STORED DATA
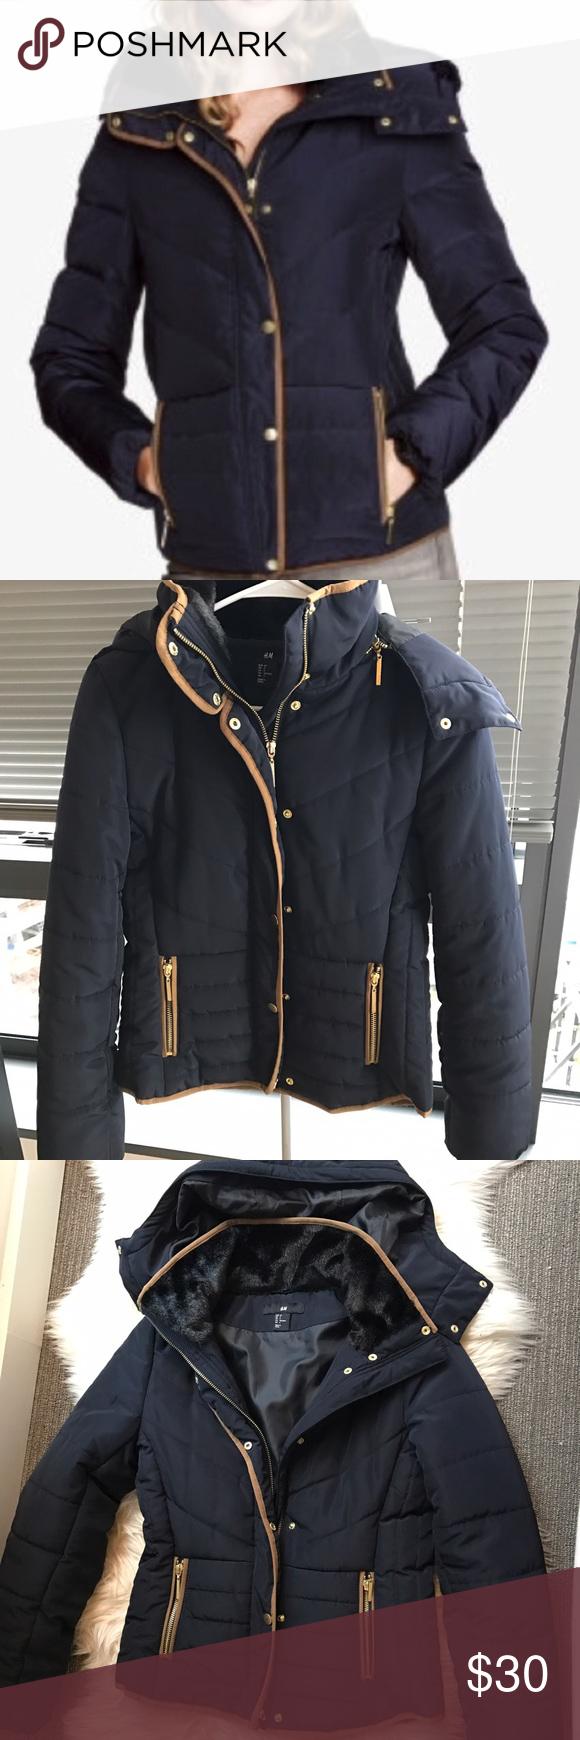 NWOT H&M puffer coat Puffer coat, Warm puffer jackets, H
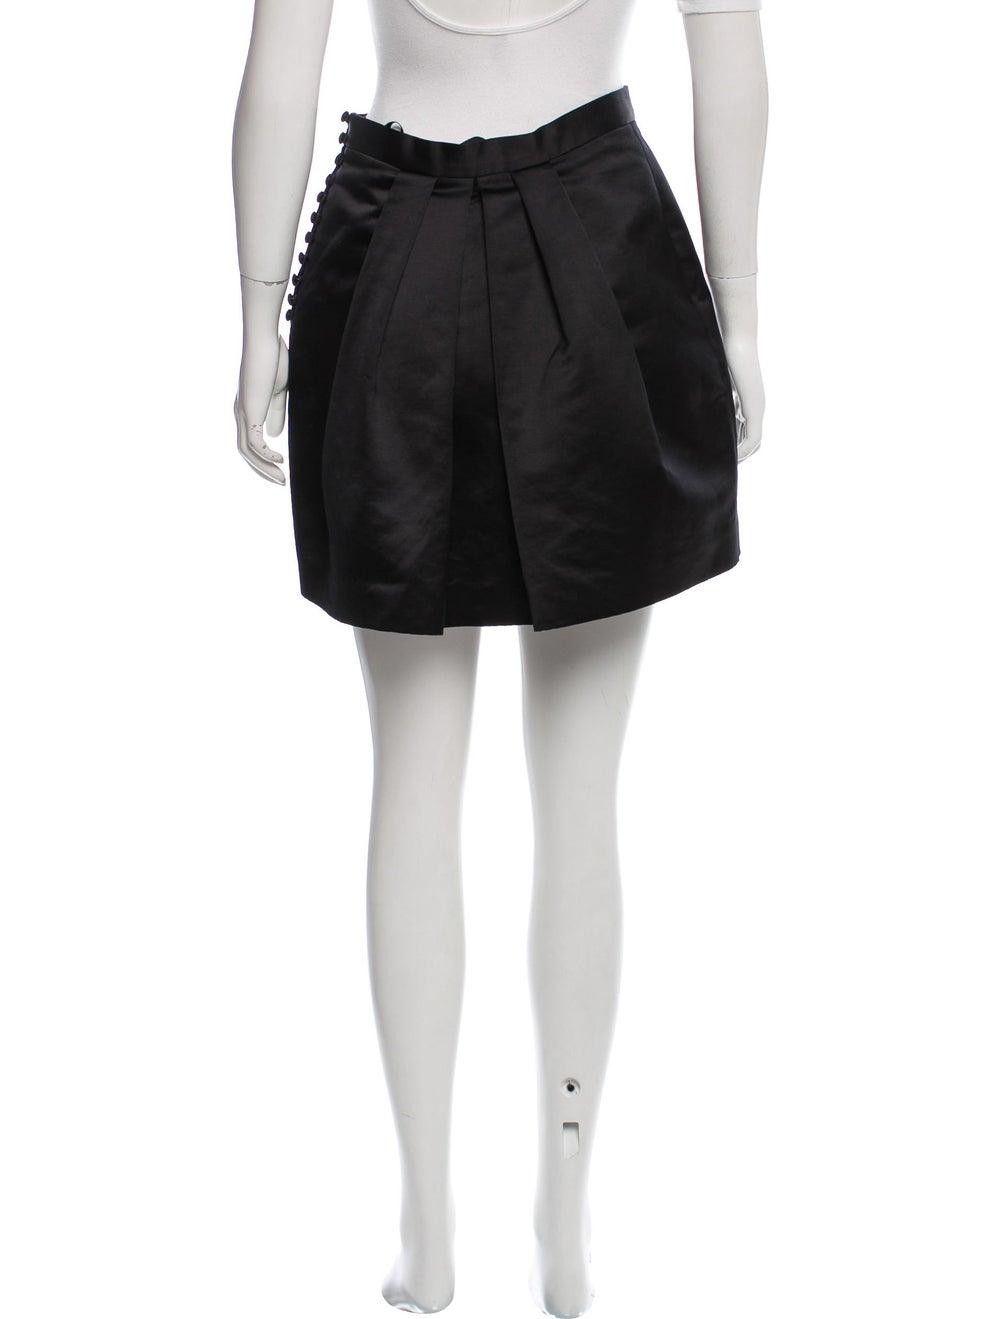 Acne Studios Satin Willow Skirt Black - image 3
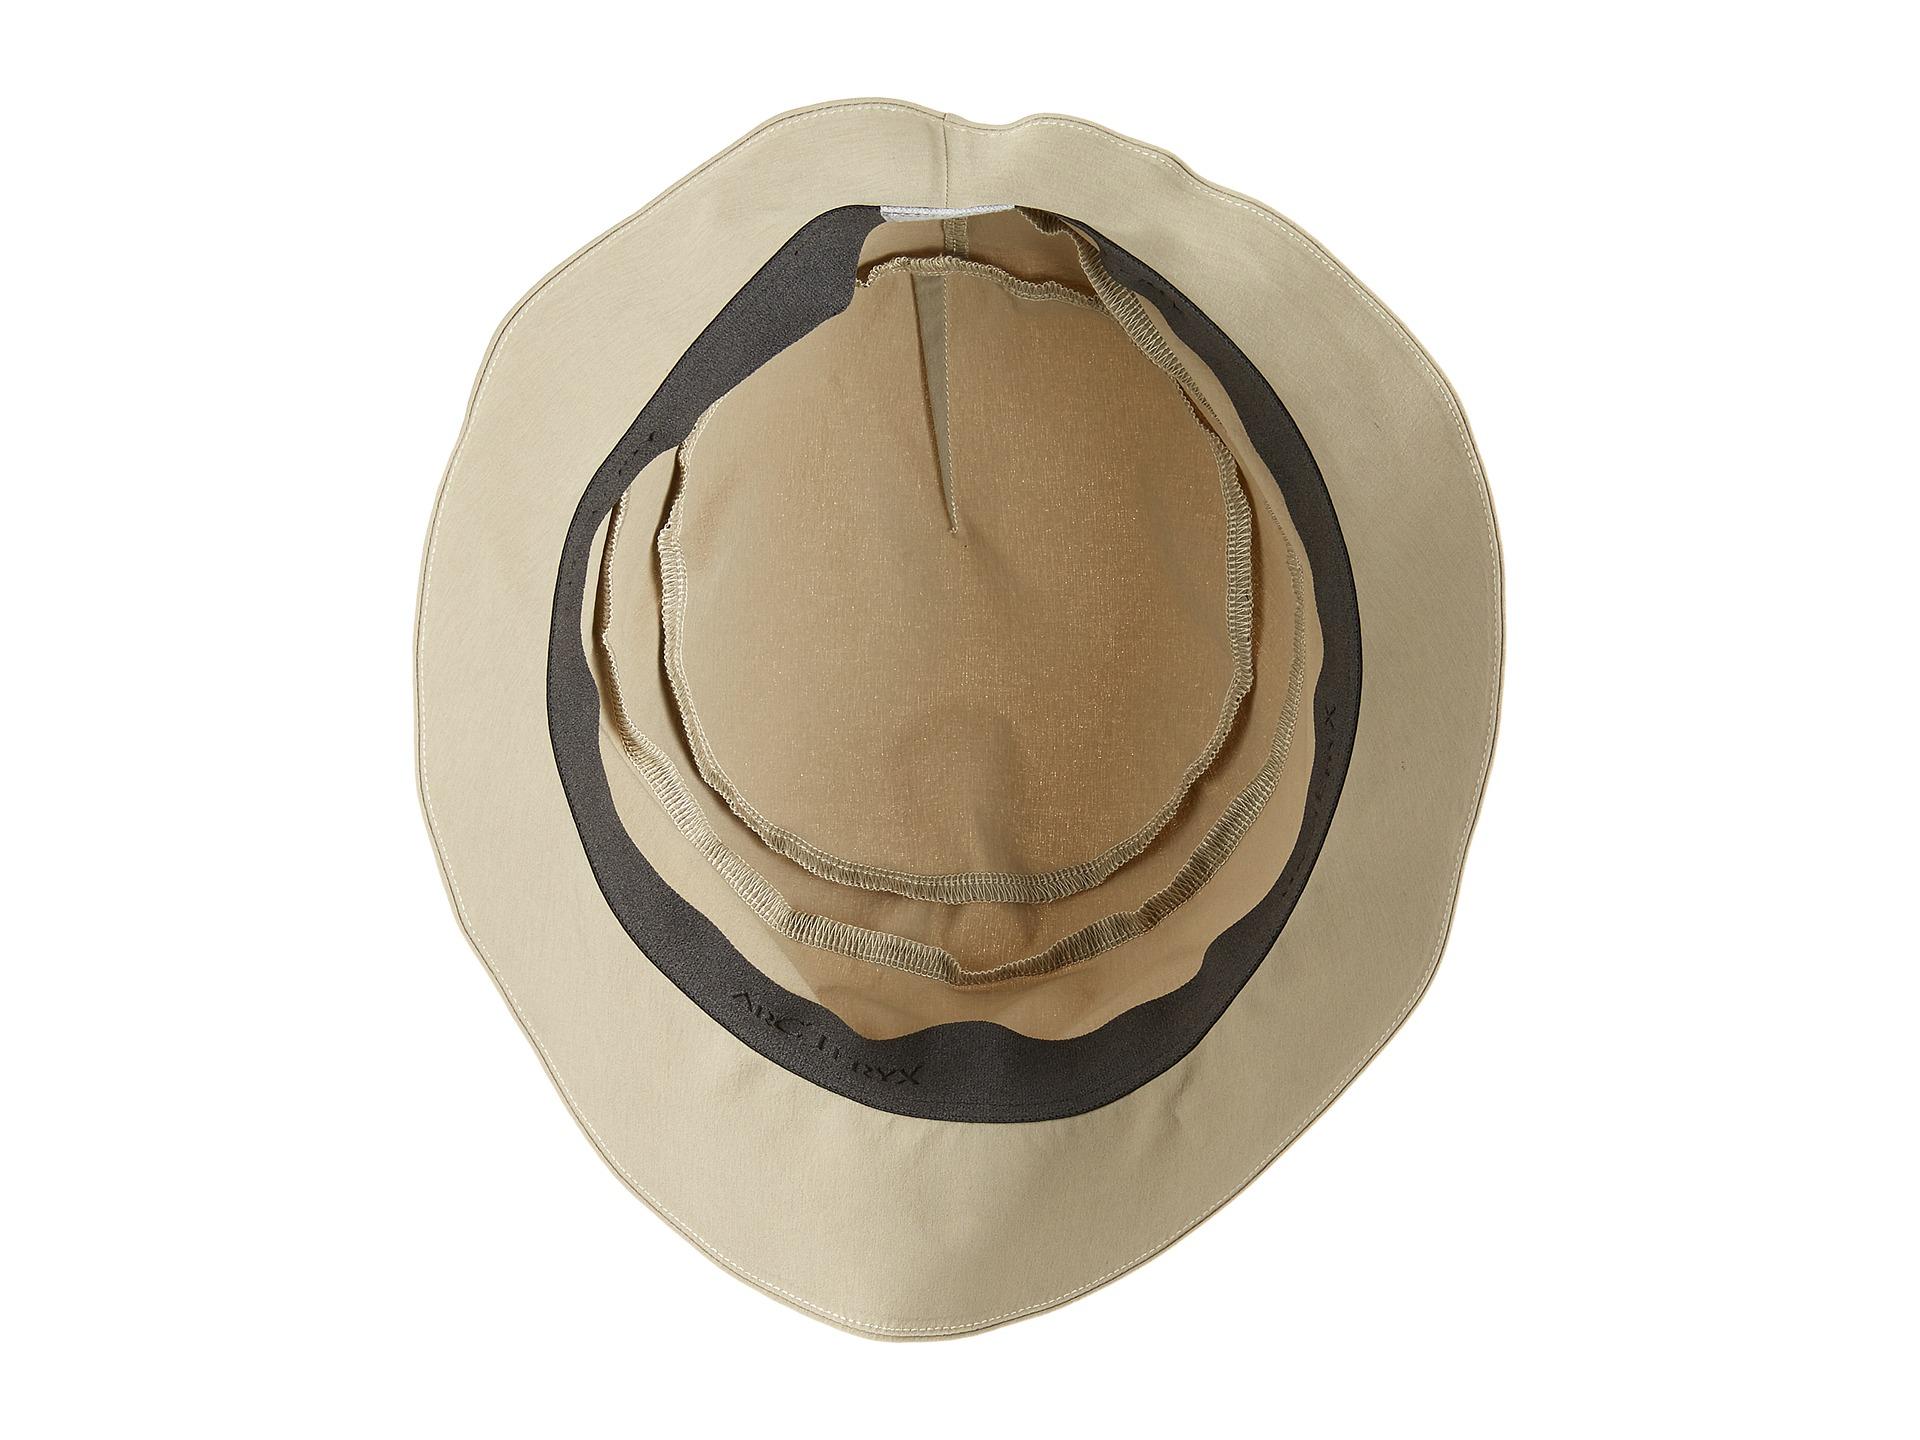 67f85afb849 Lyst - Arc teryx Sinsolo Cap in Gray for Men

ABOUT THIS TASK
Set the pictures aside and transcribe the data above exactly.

FINISHED EXERCISE
 NWOT H&M puffer coat Puffer coat, Warm puffer jackets, H
 Acne Studios Satin Willow Skirt Black - image 3
 67f85afb849 Lyst - Arc teryx Sinsolo Cap in Gray for Men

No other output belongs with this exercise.